鹿野屋雪乃和八尺大人之間,似乎存在著什么交易。
她包里的那些手繪畫稿,很有可能就是交易用的籌碼。
聽見鹿野屋的許諾,八尺大人顯出滿意和期待的表情來“上次你畫的那本我很喜歡,這次的等你畫完我再看,請務必快一點。”
“好。”
jc小畫家點點頭,她明顯不是第一次被怪談催更了,對此沒有表現出太多的意外,繼續了剛才的話題“您去看過淺川家的那個男孩了嗎他的情況怎么樣”
“他已經沒救了。”八尺大人語氣平澹。
“什么什么意思我白天見到他,也沒覺得他有太大的異常啊。雖說身上依舊有一點令人在意的奇怪氣息留存。”
“赤魟的腔管曾嵌入過他的身體,那個男孩已經成為贄祭了。我晚上去見他的時候,看到他的生魂都已經千瘡百孔。雖然還活著,但已經和死人沒有什么區別,要不了太久身體就會完全衰竭。

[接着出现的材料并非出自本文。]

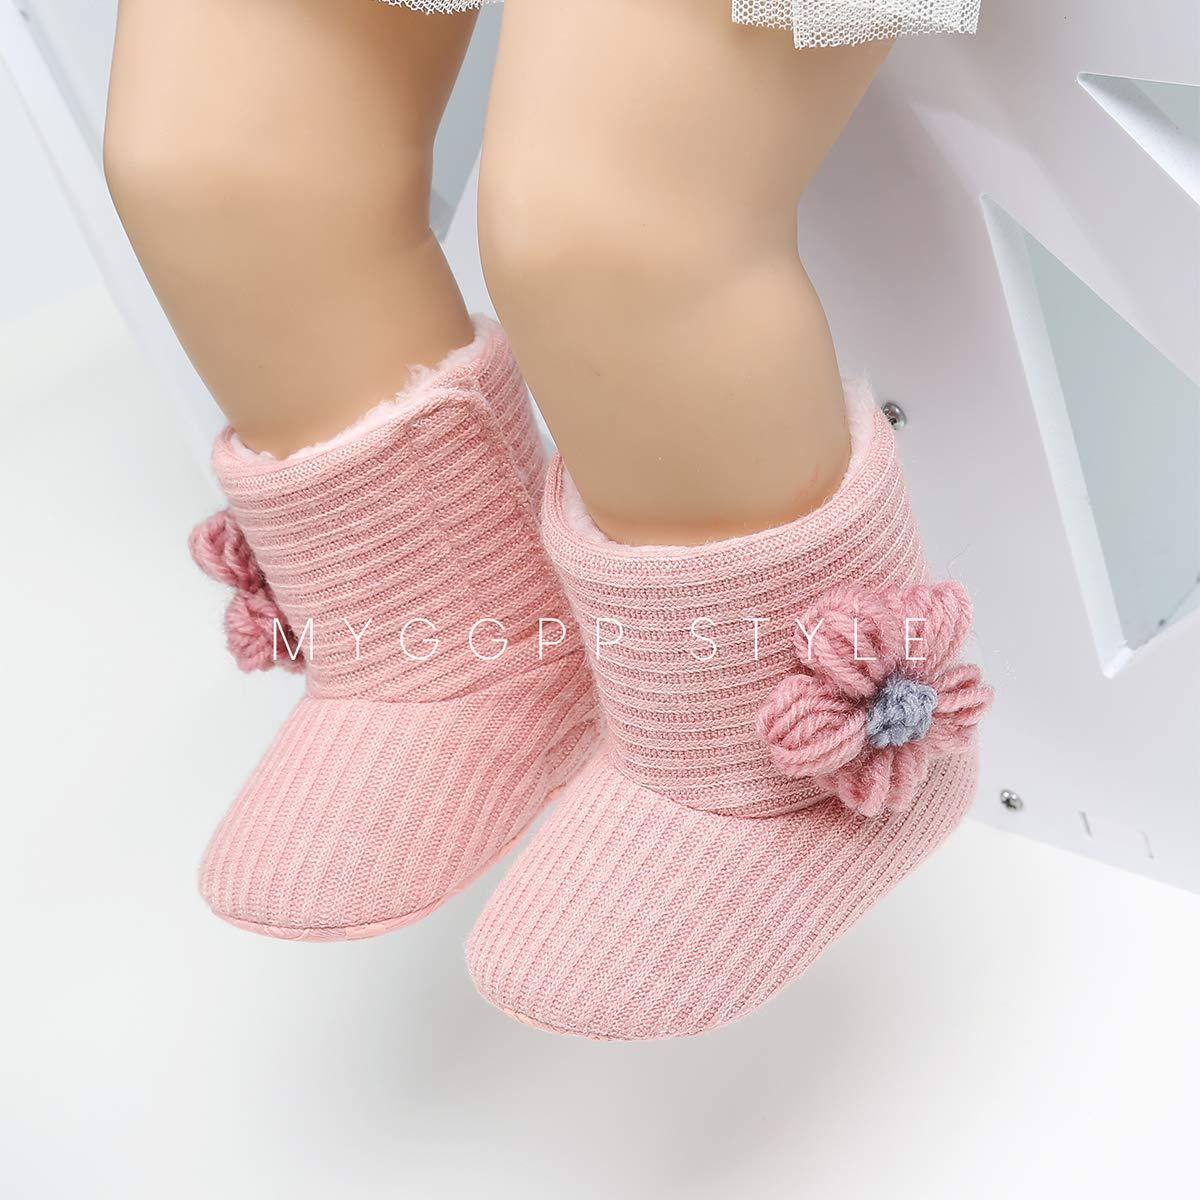 LIVEBOX Baby Premium Soft Sole Bow Anti-Slip Mid Calf Warm Winter Infant Prewalker Toddler Snow Boots

”
“怎么會這樣”
鹿野屋流露出悲戚的表情來。
她和淺川半平雖然住在一個鎮子上,但彼此并不熟。
不過聽聞一個還只是小學生的男孩已經沒救,馬上要死亡,生性善良的鹿野屋還是有些難以接受。
“那八尺大人,我們該怎么辦”
“什么怎么辦”八尺女側過身子,伸手拂下高開叉的白色裙擺,慢慢蹲下身子來。
在這處玄關里面一直保持彎腰的姿勢,讓她很不舒服。
伴隨八尺女的動作,能聞到她身上有一股成熟大膽的木質調香味,氣味悠遠深沉,勾人心魄。
“就是赤魟,我們該怎么對付他呢”
“對付他為什么要對付他已經得到了贄祭,最近還重新得到了不少香火祭拜,那個赤魟大人應該能安分很久了。”
“他可是個害人性命的邪神啊。”
“雪乃,我想你搞錯了一件事情。”八尺女將她的臉湊近了鹿野屋一些,黑白分明的眼眸,嫵媚溫柔
“我本身也是個有可能會害人性命的怪談。靠著你給我畫的漫畫當代餐,一直以來才沒有對這個島上任何一個鮮嫩多汁的小男孩下手過。指望我去和這里原本的荒神赤魟為敵,這樣的想法是不是有些太天真了呢”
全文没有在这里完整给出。